Haroon Mirza b. 1977 is a British artist, born in London where he continues to live and work today. His installations are an assemblage of recycled and ready-made objects. They also consist of technological elements in an experimental DIY fashion which can be said to rework various phenomena of cultural history and modern and contemporary art, and more specifically musical phenomena. His works solicit both visual and auditory perception. Recipient of the Silver Lion Award at the 54th Venice Biennial in 2011, Mirza has exhibited his work at Spike Island (Bristol), Studio 231 of the New Museum (New York) and at the Lisson Gallery (London) which represents the artist. An artist and DJ, Haroon Mirza launched an Internet site, o-o-o-o.co.uk in 2013, which invites artists and musicians to download audio samples of his work, to remix them and then upload them via Sound Cloud. He was invited by Lab’Bel to create a site-specific work for the Villa Savoye.

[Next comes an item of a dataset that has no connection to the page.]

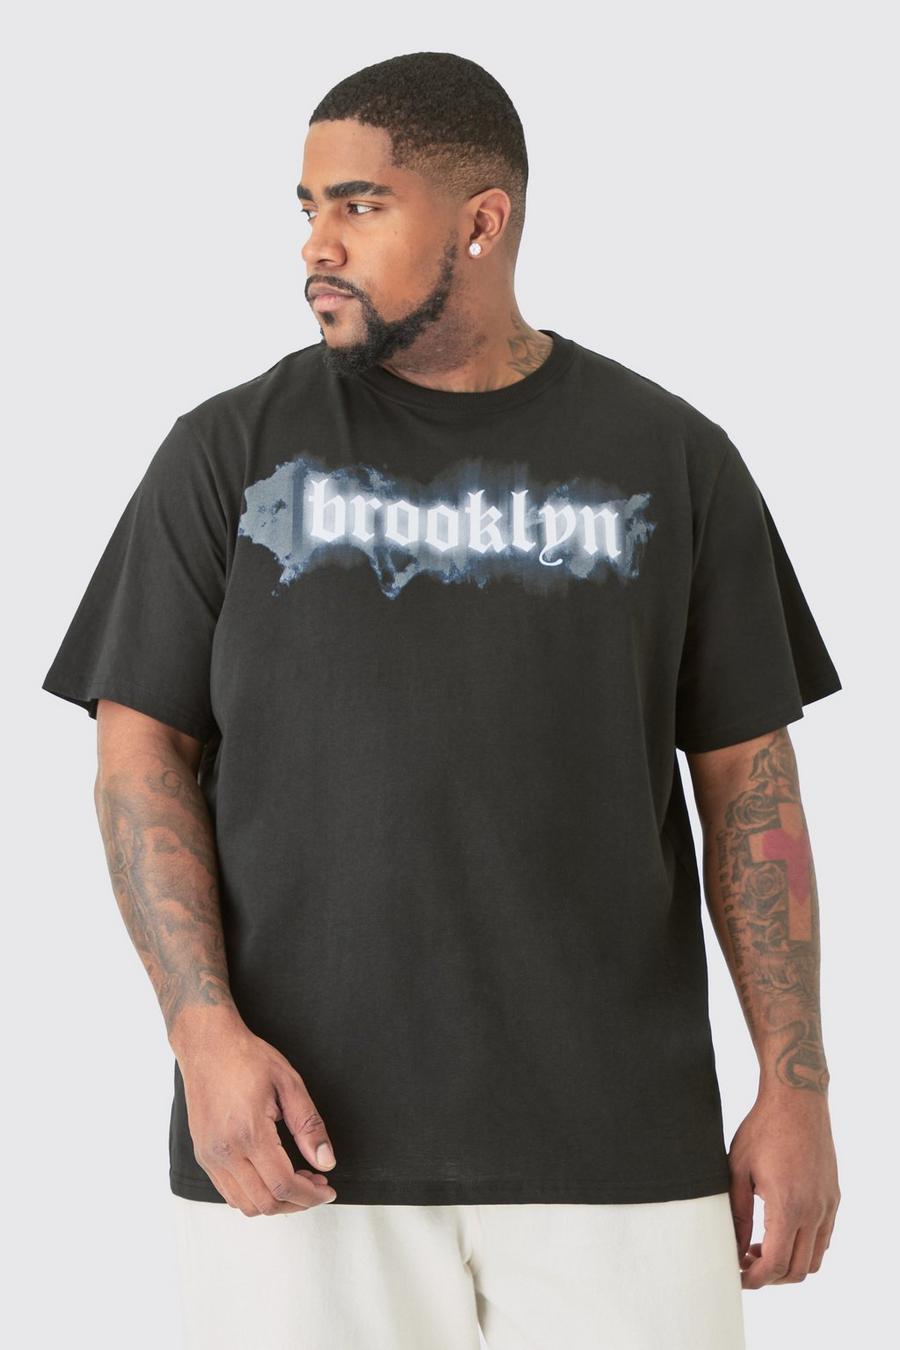 Plus schwarzes T-Shirt mit Brooklyn-Print, Black

Lab’Bel, the arts laboratory of the Bel Group was created in the spring of 2010 with the aim of fostering and promoting contemporary art in compliance with the values of sharing, accessibility and enjoyment supported by this food-processing group of which it is a part. In accordance with this philosophy and since its creation, the group has put together a collection of artworks produced since the beginning of the last decade and organizes a number of exhibitions and artistic events both in France and overseas every year. Since 2011, Lab’Bel has sought to develop a dialogue between modernist architecture and contemporary art. Stefan Brüggemann’s intervention, The World Trapped in it Self (Mirrors for windows) in Mies van der Rohe’s German pavilion in Barcelona was the first in this series of exhibitions, followed this year with Haroon Mirza’s The Light Hours at the Villa Savoye.